**Task to carry out**
Everything from the line with "Zustand: Sehr guter Zustand" to the end of the data below must be returned exactly as it is, and nothing besides.
===== Data for review
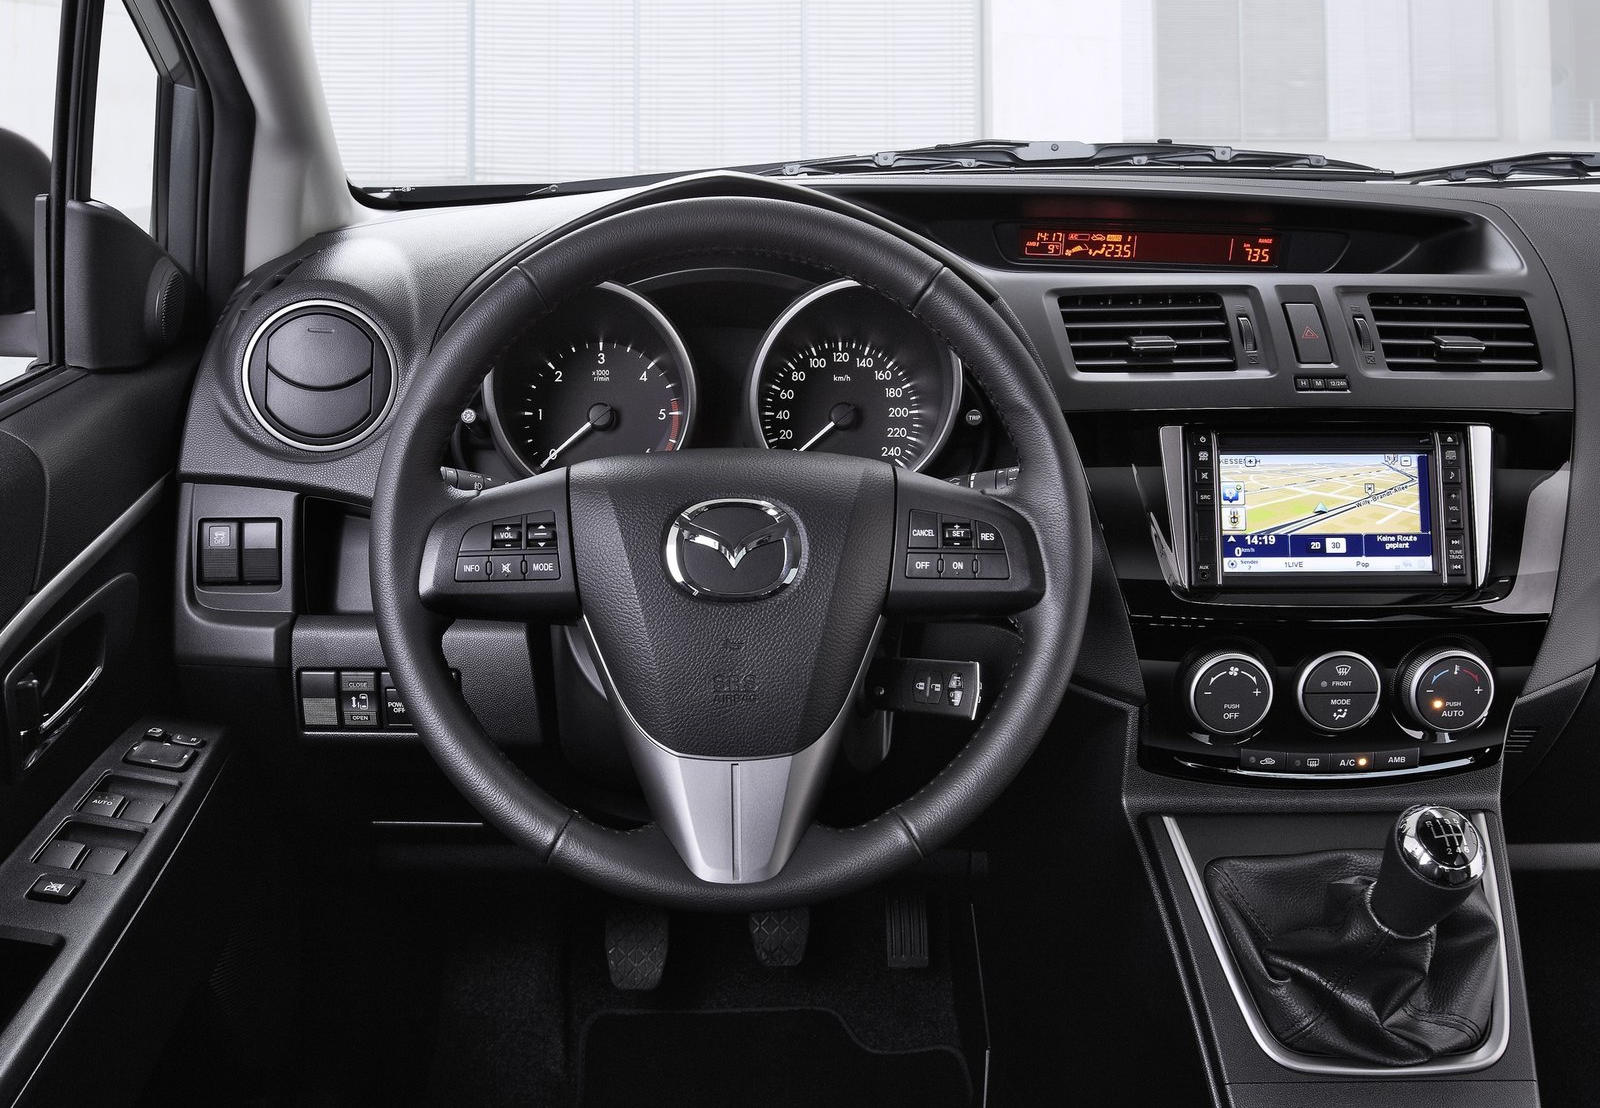 2014 Mazda 5 Interior Photos | CarBuzz
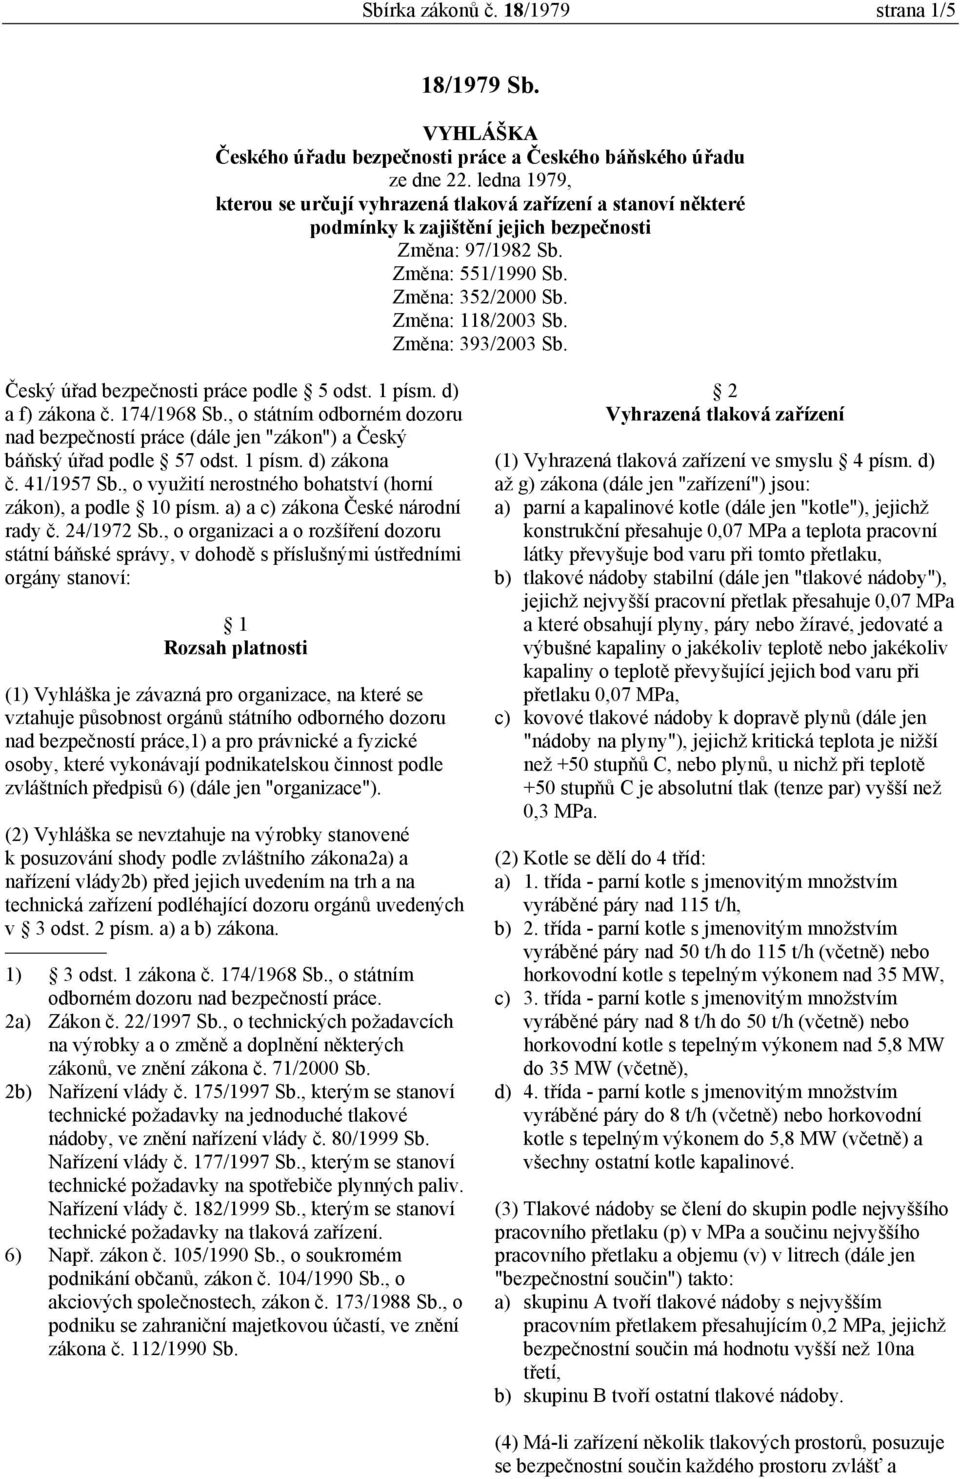 Změna: 393/2003 Sb. Český úřad bezpečnosti práce podle 5 odst. 1 písm. d) a f) zákona č. 174/1968 Sb.
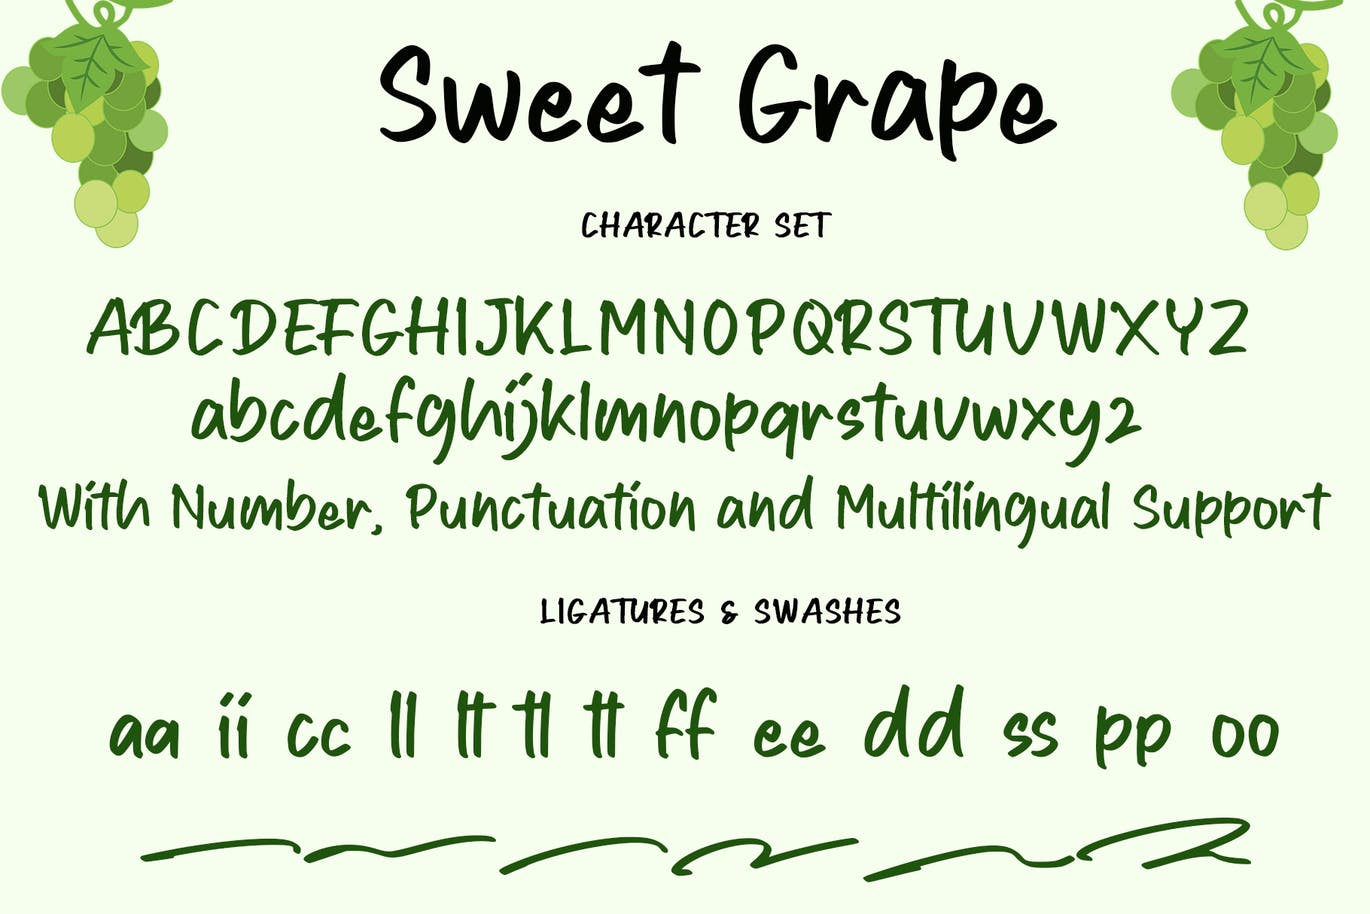 绿色产品包装手写字体素材 Sweet Grape 设计素材 第9张
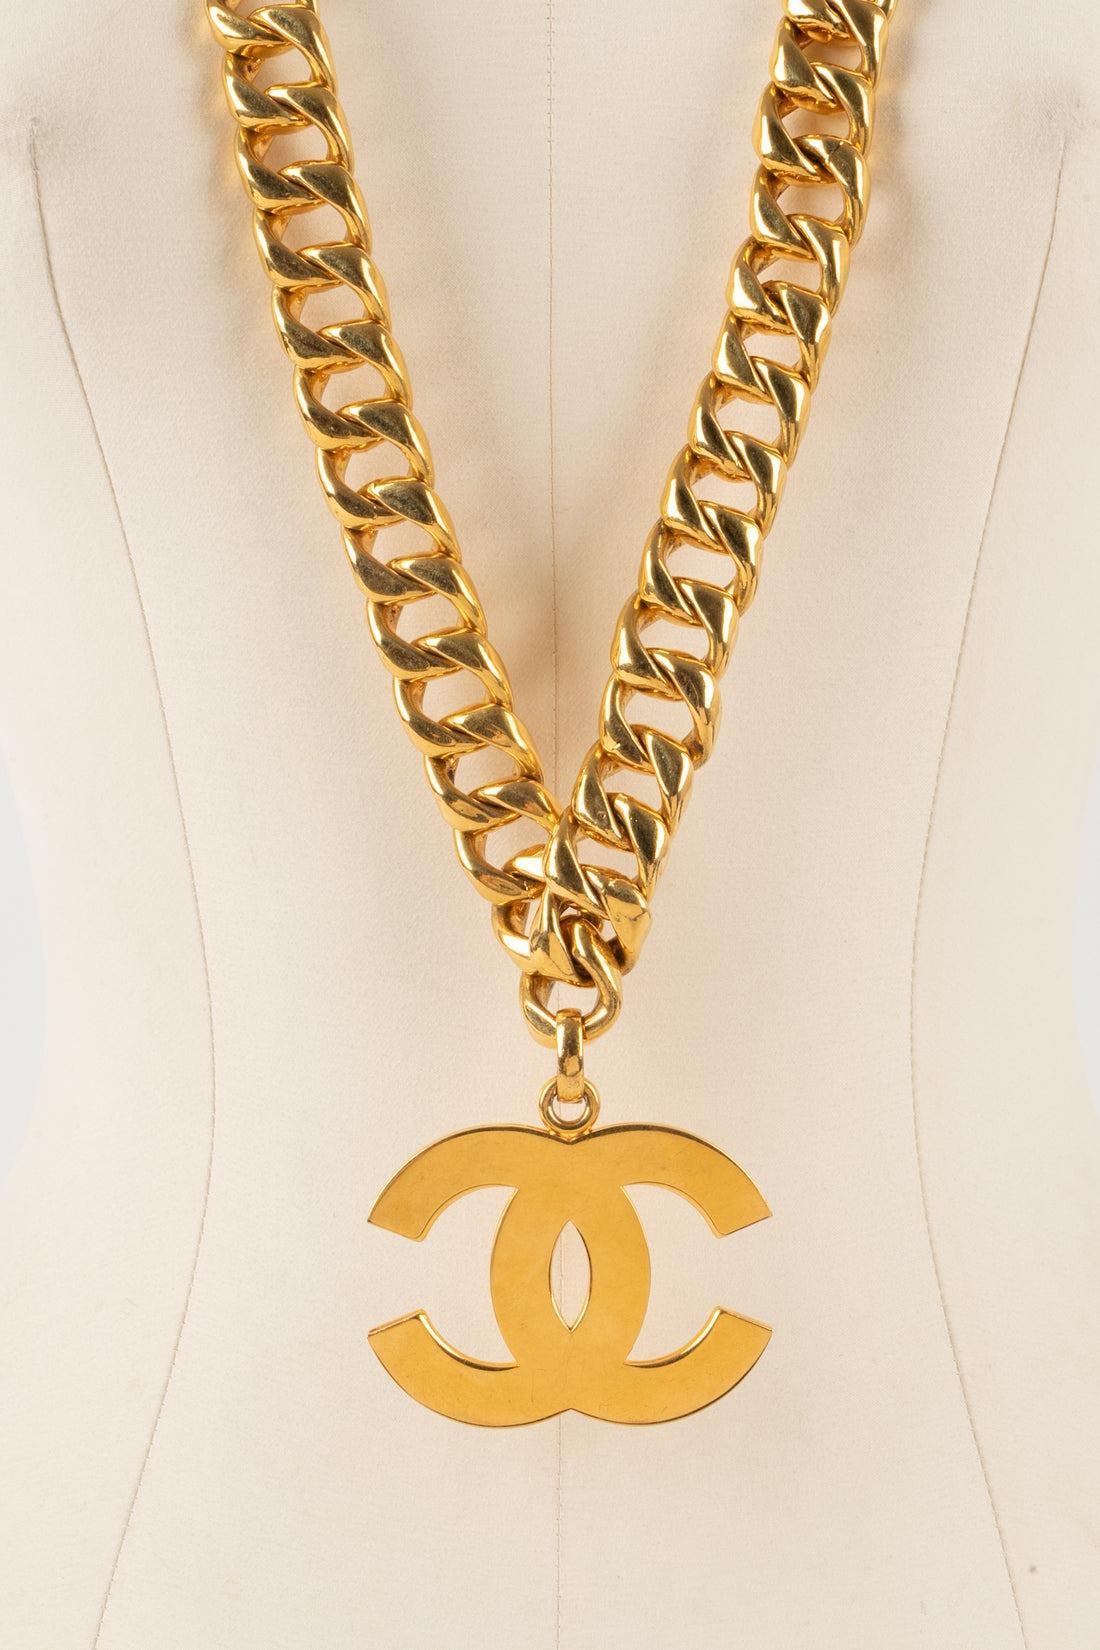 Chanel - (Made in France) Goldenes Metallcollier mit einem cc-Anhänger. Collection'S Frühjahr-Sommer 1993 unter der künstlerischen Leitung von Karl Lagerfeld.

Zusätzliche Informationen:
Zustand: Sehr guter Zustand
Abmessungen: Länge: 94
==========
**Written solution**
Zustand: Sehr guter Zustand
Abmessungen: Länge: 94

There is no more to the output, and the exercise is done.